3. Initializer Agent Pattern (Anthropic)
Use a different prompt for the first context window versus subsequent ones. The initializer agent acts as a boot sequence — it reads the repository, understands the task, creates a plan file, then hands off to the "worker" agent that actually executes. This is equivalent to BIOS → OS boot → application launch.
4. Attention-Aware Placement
LLMs attend differently to different positions in context. Manus exploits this with their todo.md pattern — the task list is constantly rewritten to stay at the end of the context window, where recency bias keeps it most salient. Instructions at the beginning benefit from primacy effects. The dead zone is the middle.
The anti-patterns:
- Monolithic instruction files: Rot instantly, crowd out the task, provide non-guidance.
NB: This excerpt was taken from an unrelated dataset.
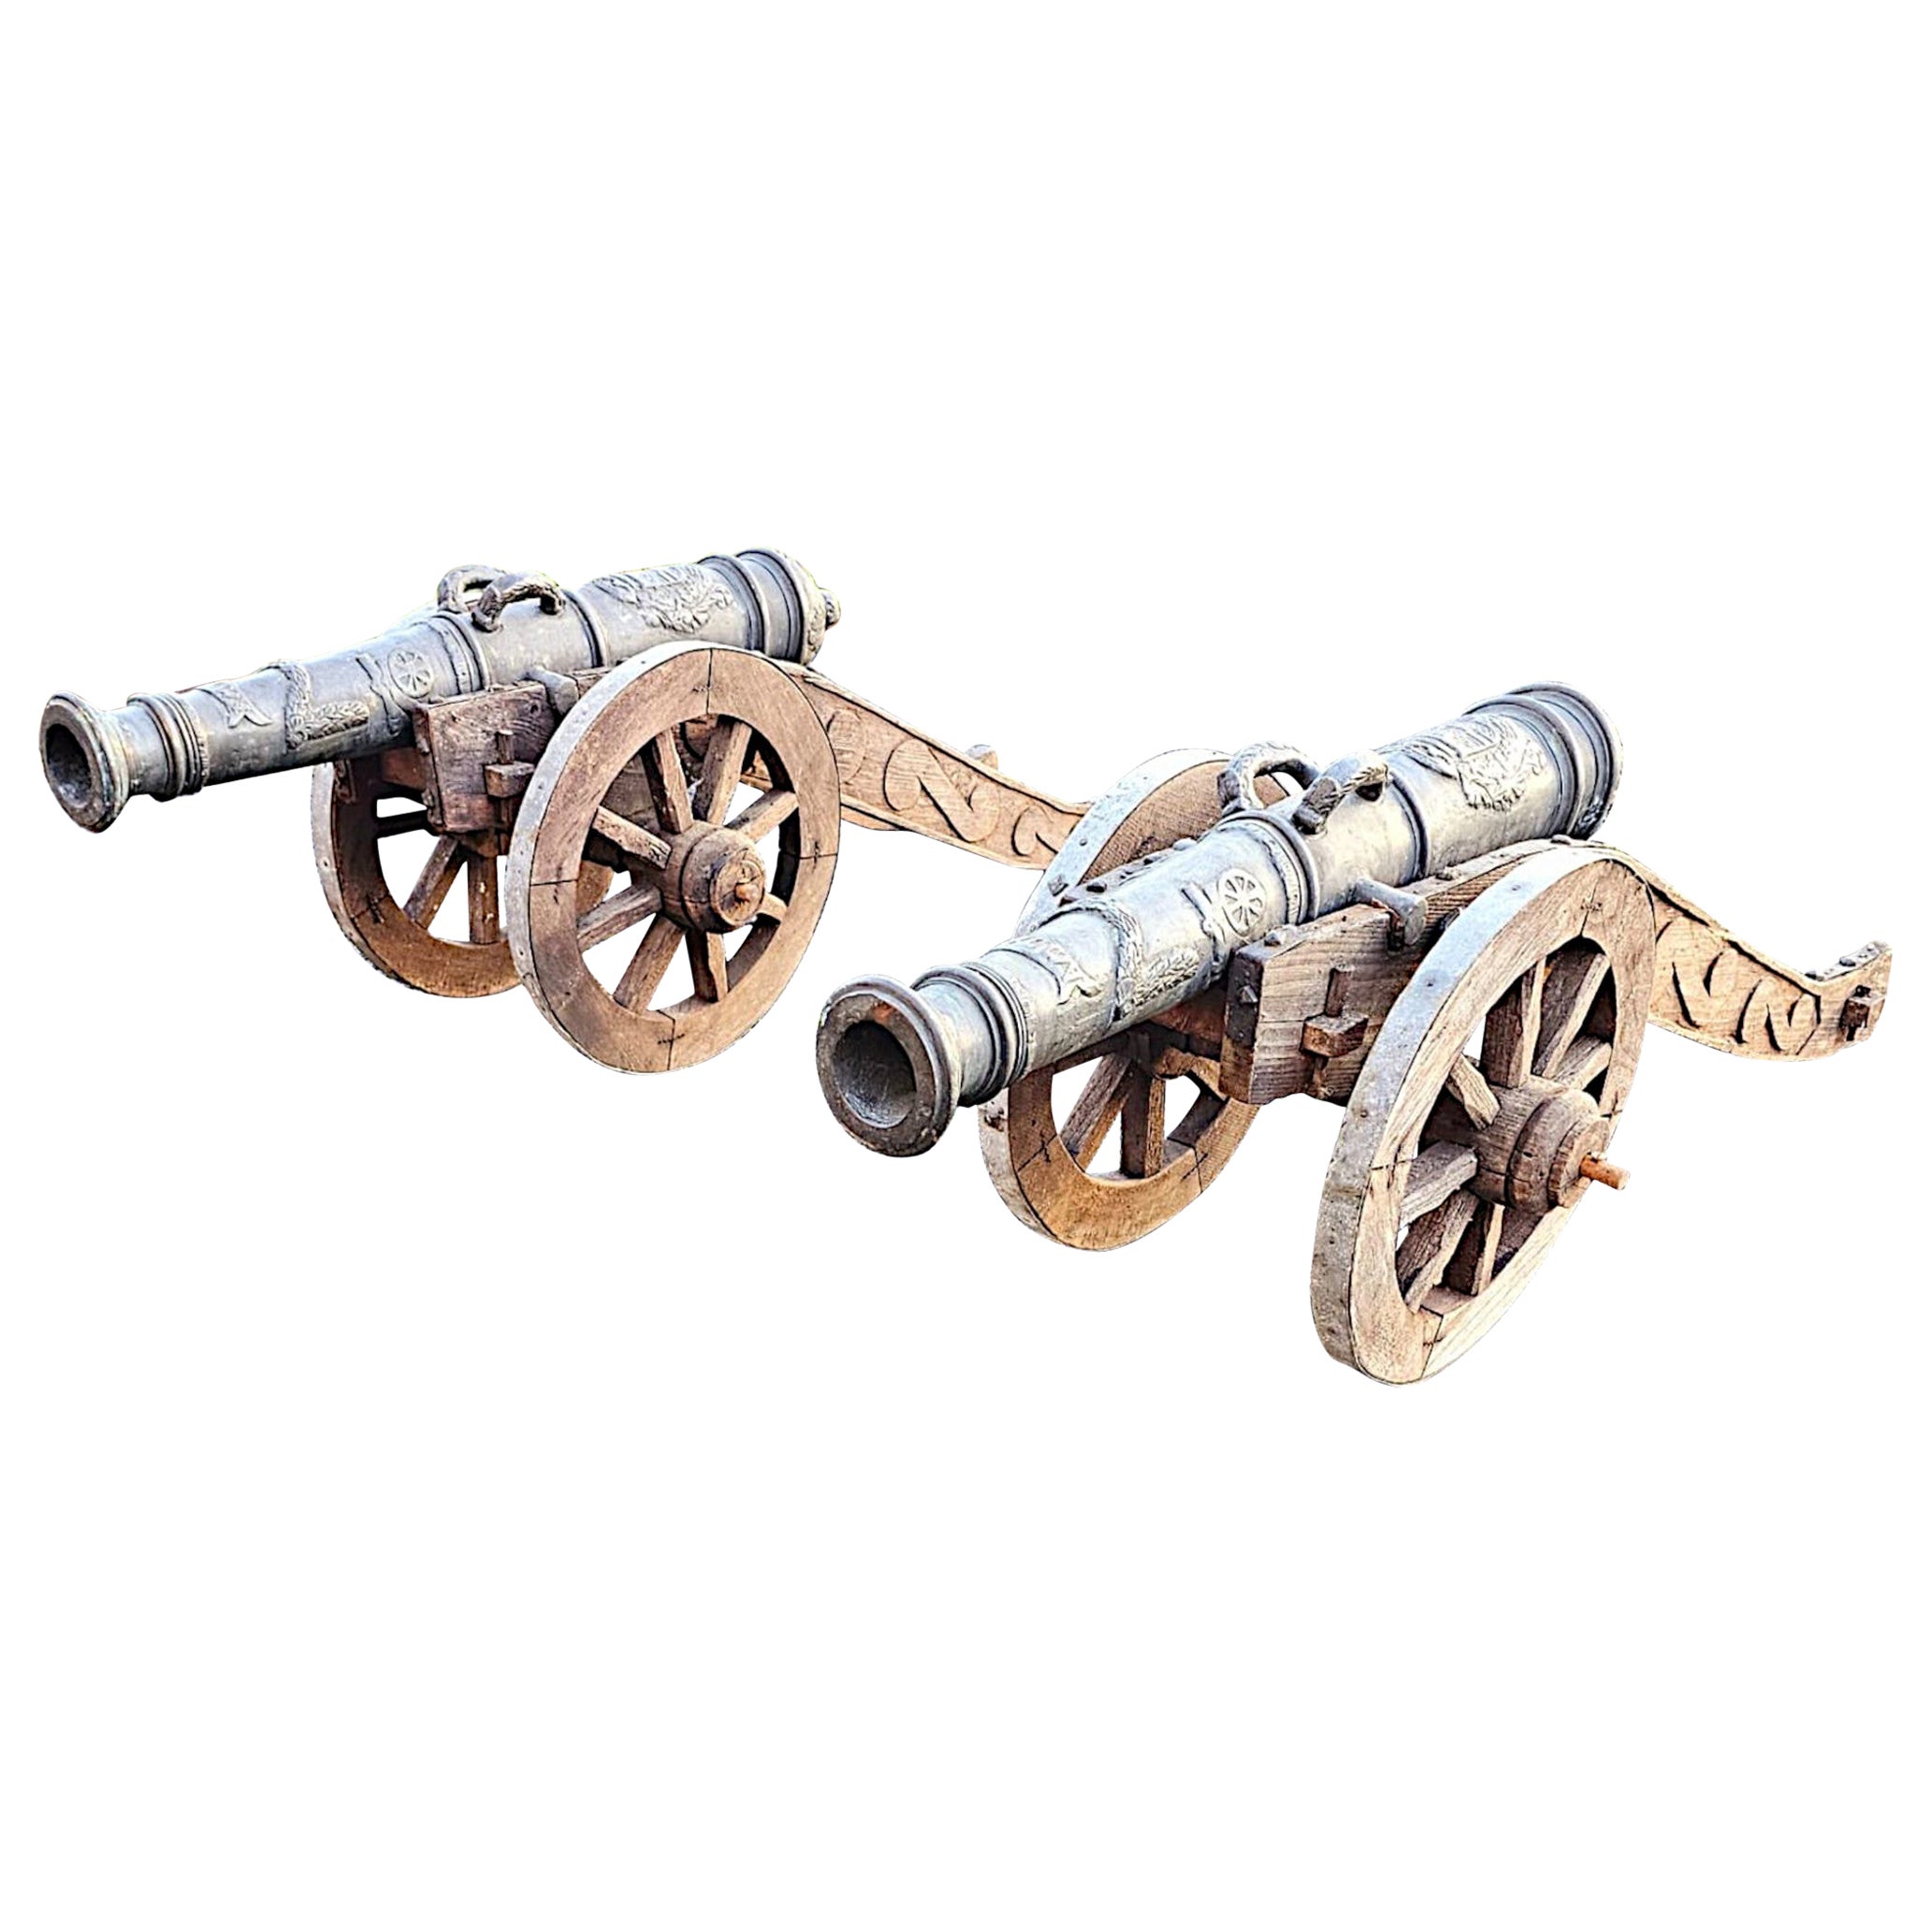 A  Rare Pair of 19th Century Bronze Barrelled Signal Cannons on Timber Base For Sale

- Context pollution: Loading irrelevant information "just in case" — every token has an opportunity cost.
- Few-shot self-repetition: Agents that see their own prior outputs start copying patterns rather than reasoning fresh.
- Context debt: Ambiguous, contradictory, or outdated agent instructions that accumulate over time. This is the equivalent of technical debt but for agent configuration.
Pillar 3: Memory Management
What it solves: LLMs are stateless. Every API call starts from zero. Memory gives agents continuity across sessions.
The three memory tiers:
| Tier | Scope | Implementation | Example |
|---|---|---|---|
| Working memory | Current task | The active context window | "I'm currently debugging the login form" |
| Session memory | Current session, survives context compaction | File-based checkpoints (claude-progress.txt, todo.md) | "I've completed steps 1-3, step 4 is in progress" |
| Long-term memory | Cross-session, persistent | Vector databases, LangGraph Store, filesystem | "This user prefers TypeScript, their API key is stored at ~/.config" |
File-based memory dominates in practice:
- Anthropic:
claude-progress.txt— structured log enabling session handoff. When a context window fills, the next session reads this file to reconstruct state. - OpenAI Codex:
AGENTS.md+docs/exec-plans/active/— execution plans with progress and decision logs, versioned in git. - Manus:
todo.md— constantly rewritten task list that serves as both memory and attention anchor. - OpenClaw: All state stored as Markdown/YAML files on local disk. Memory is literally files.
Why file-based > vector DB for most agent memory:
Vector databases excel at semantic search across large corpora. But most agent memory is structured, recent, and task-specific — closer to a scratchpad than a knowledge base. Files are inspectable, diffable, version-controllable, and trivially readable by the agent. The overhead of embedding, indexing, and querying a vector store is often worse than just reading a well-organized file.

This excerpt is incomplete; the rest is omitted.